## Exercise instructions
Look below for the line that contains "Hochbeete mit grünen" and the line that contains "Projekt domu Z", then restate both of them and every line in between, exactly. No picture goes in the copy.

START Material for this exercise

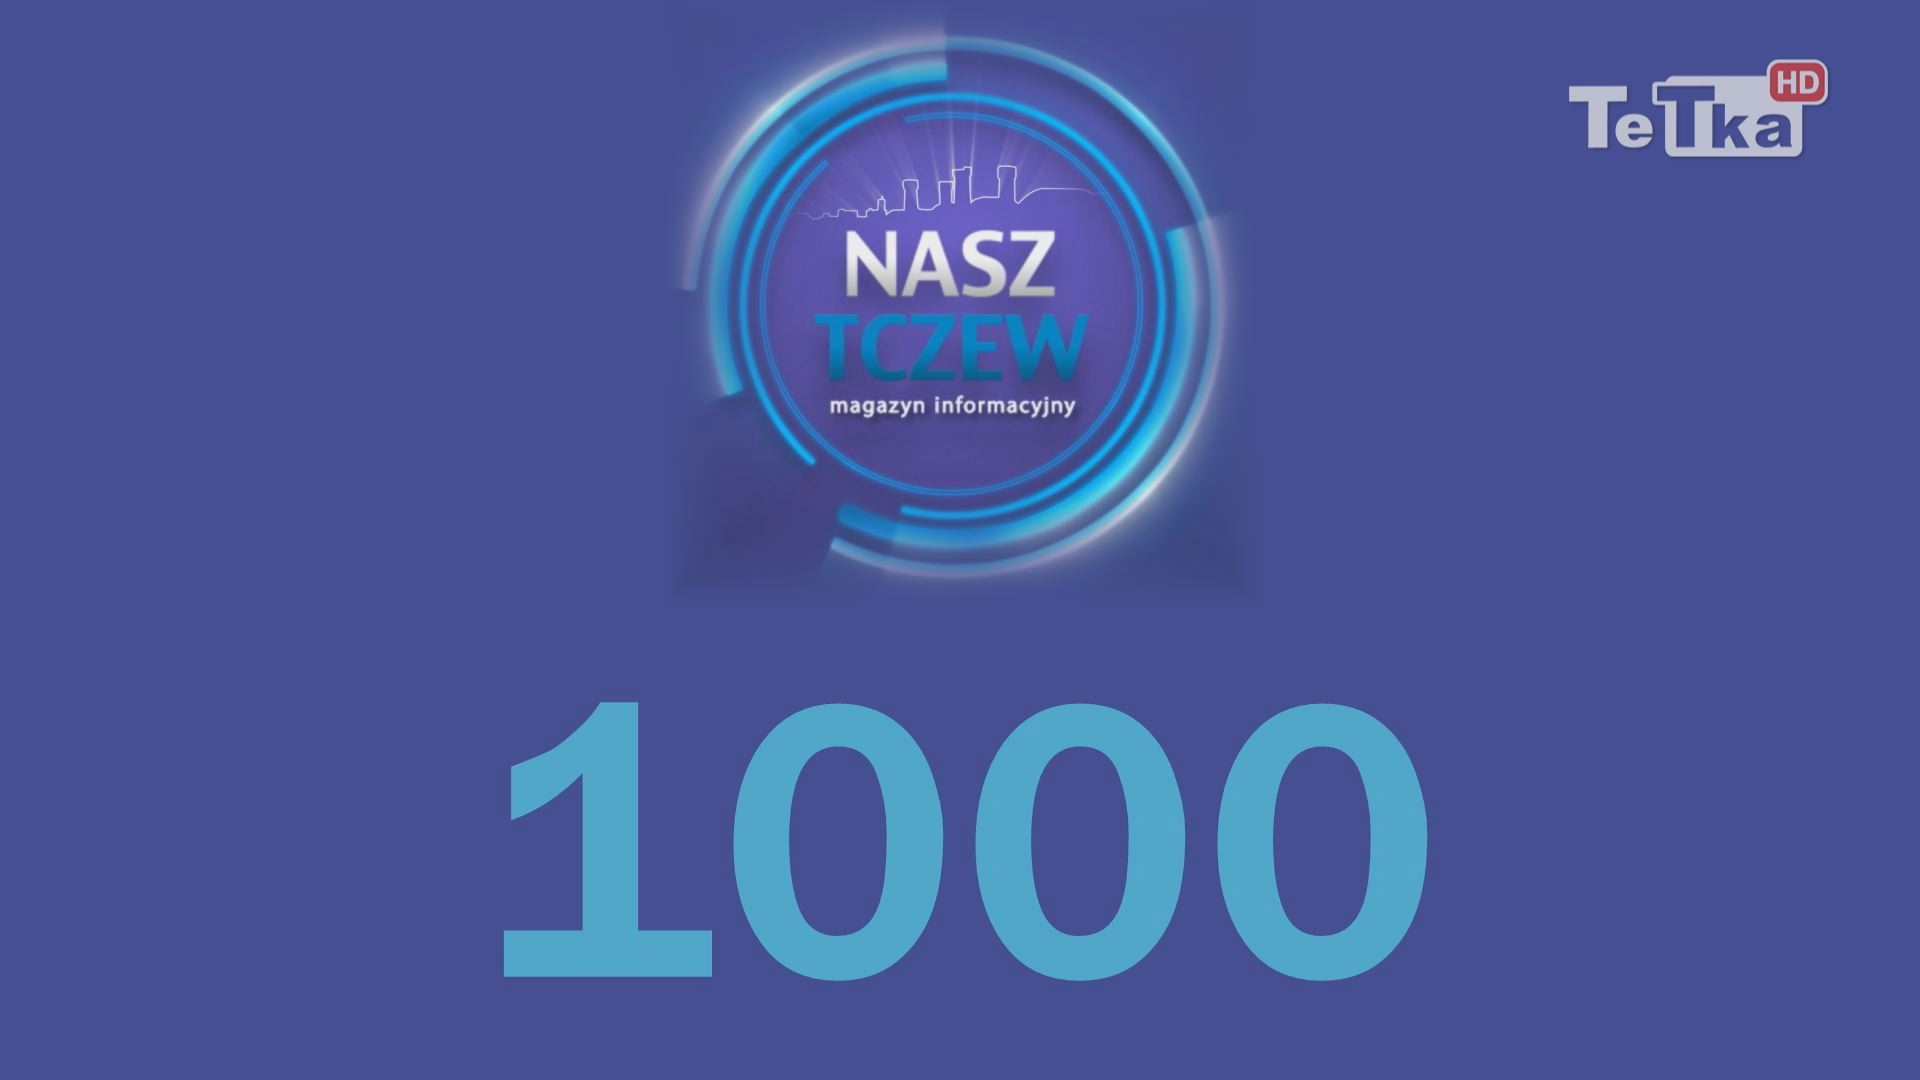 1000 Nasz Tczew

END Material for this exercise
START Material for this exercise

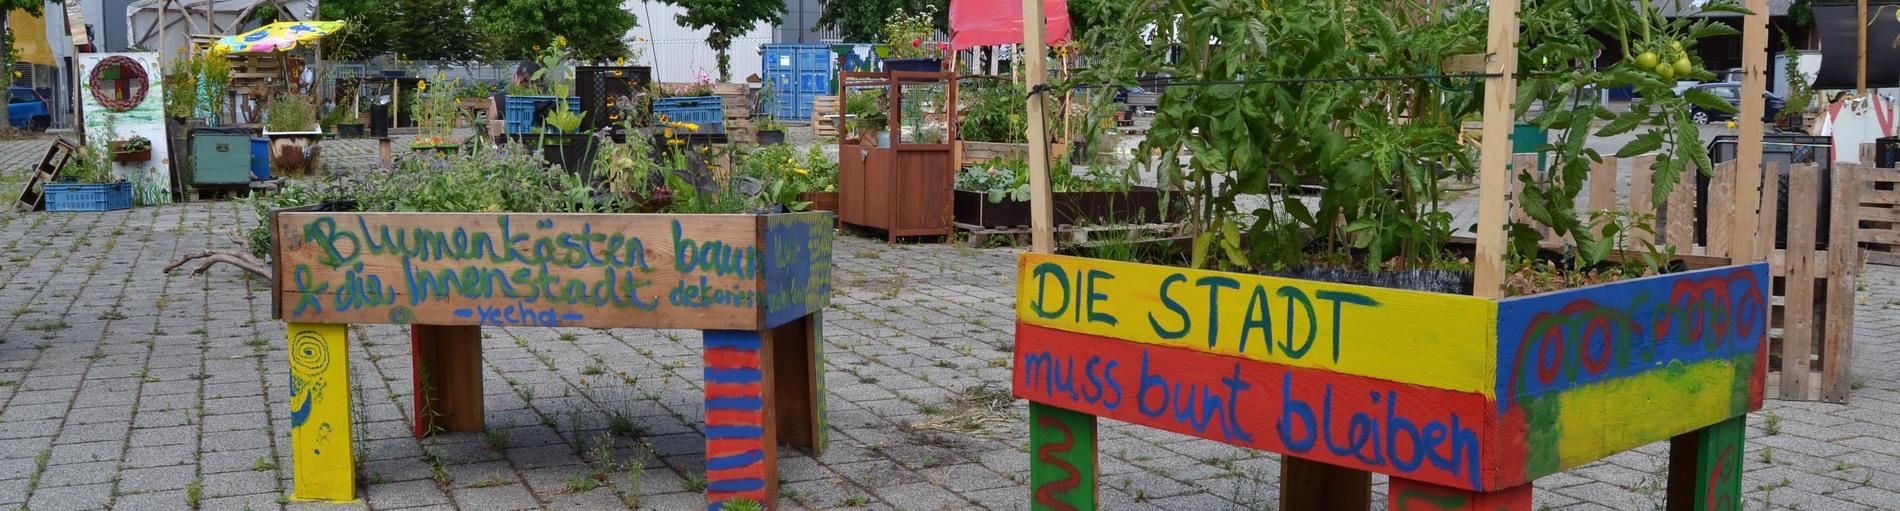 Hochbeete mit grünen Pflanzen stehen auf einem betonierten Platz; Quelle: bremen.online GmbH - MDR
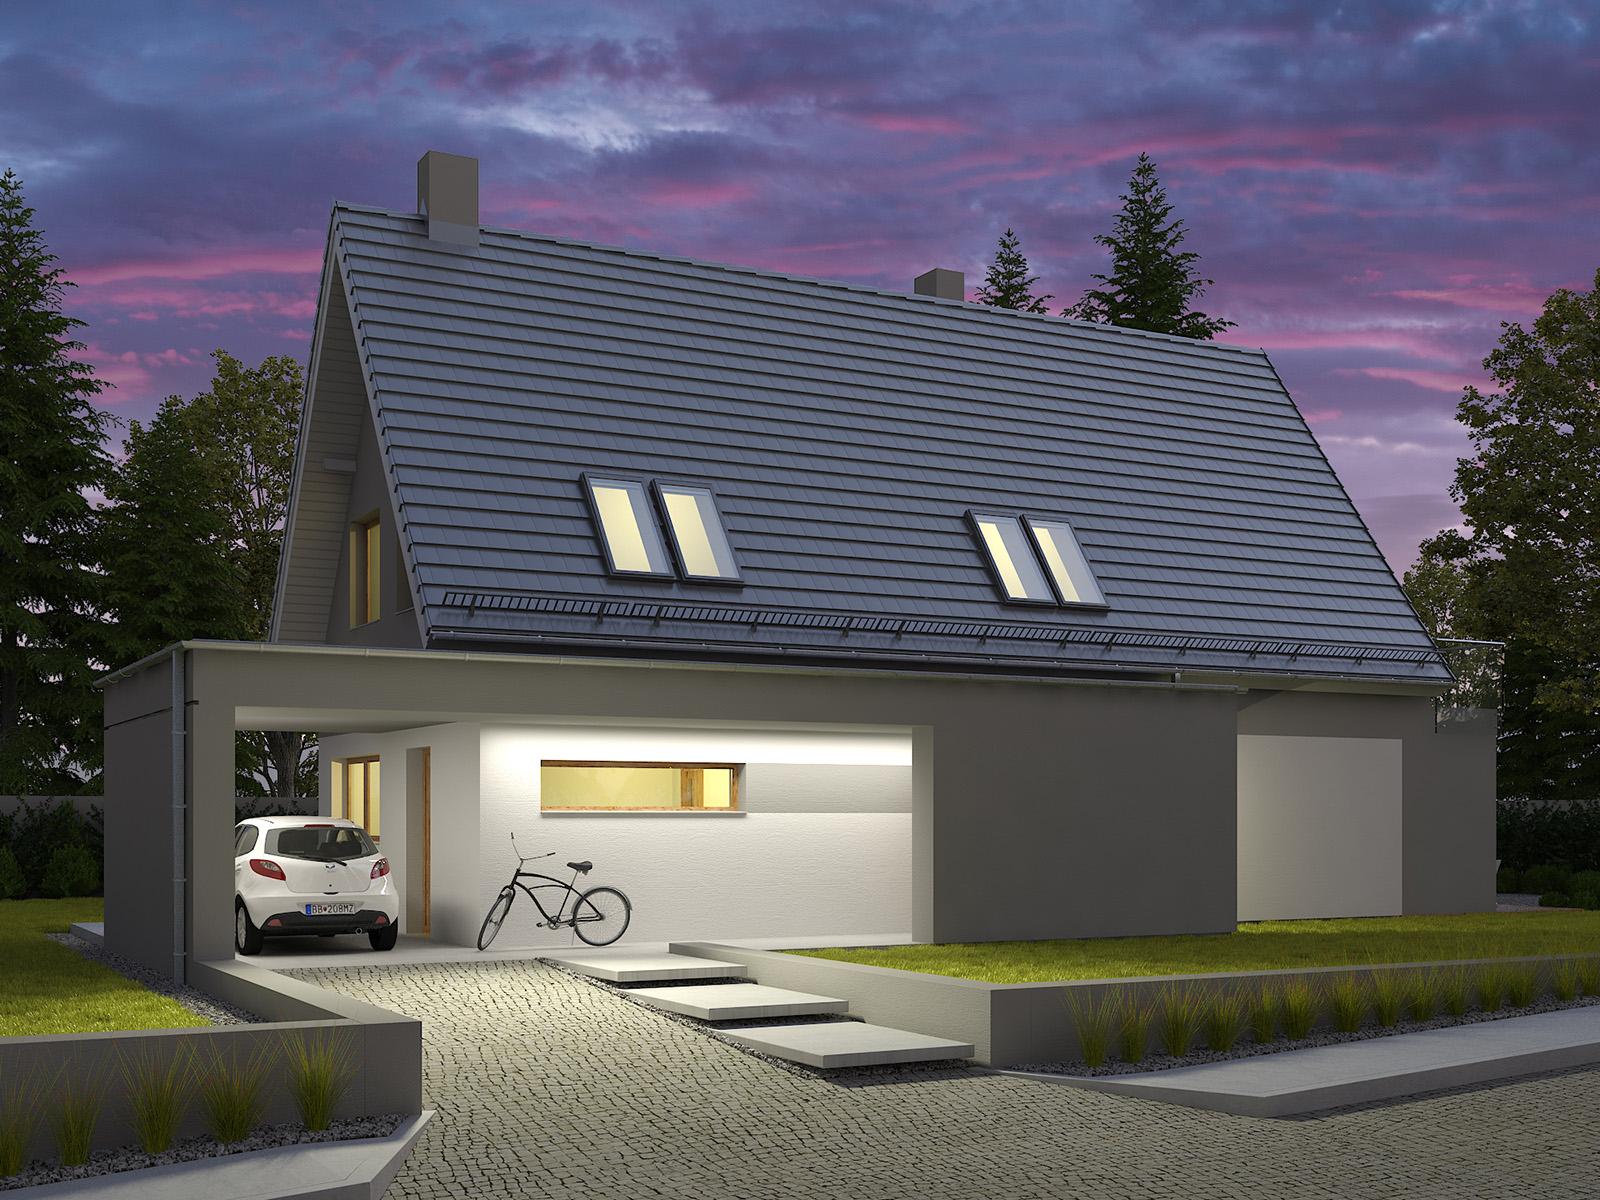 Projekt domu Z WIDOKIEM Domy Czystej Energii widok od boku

END Material for this exercise

## Solution to this task
 Hochbeete mit grünen Pflanzen stehen auf einem betonierten Platz; Quelle: bremen.online GmbH - MDR
 Projekt domu Z WIDOKIEM Domy Czystej Energii widok od boku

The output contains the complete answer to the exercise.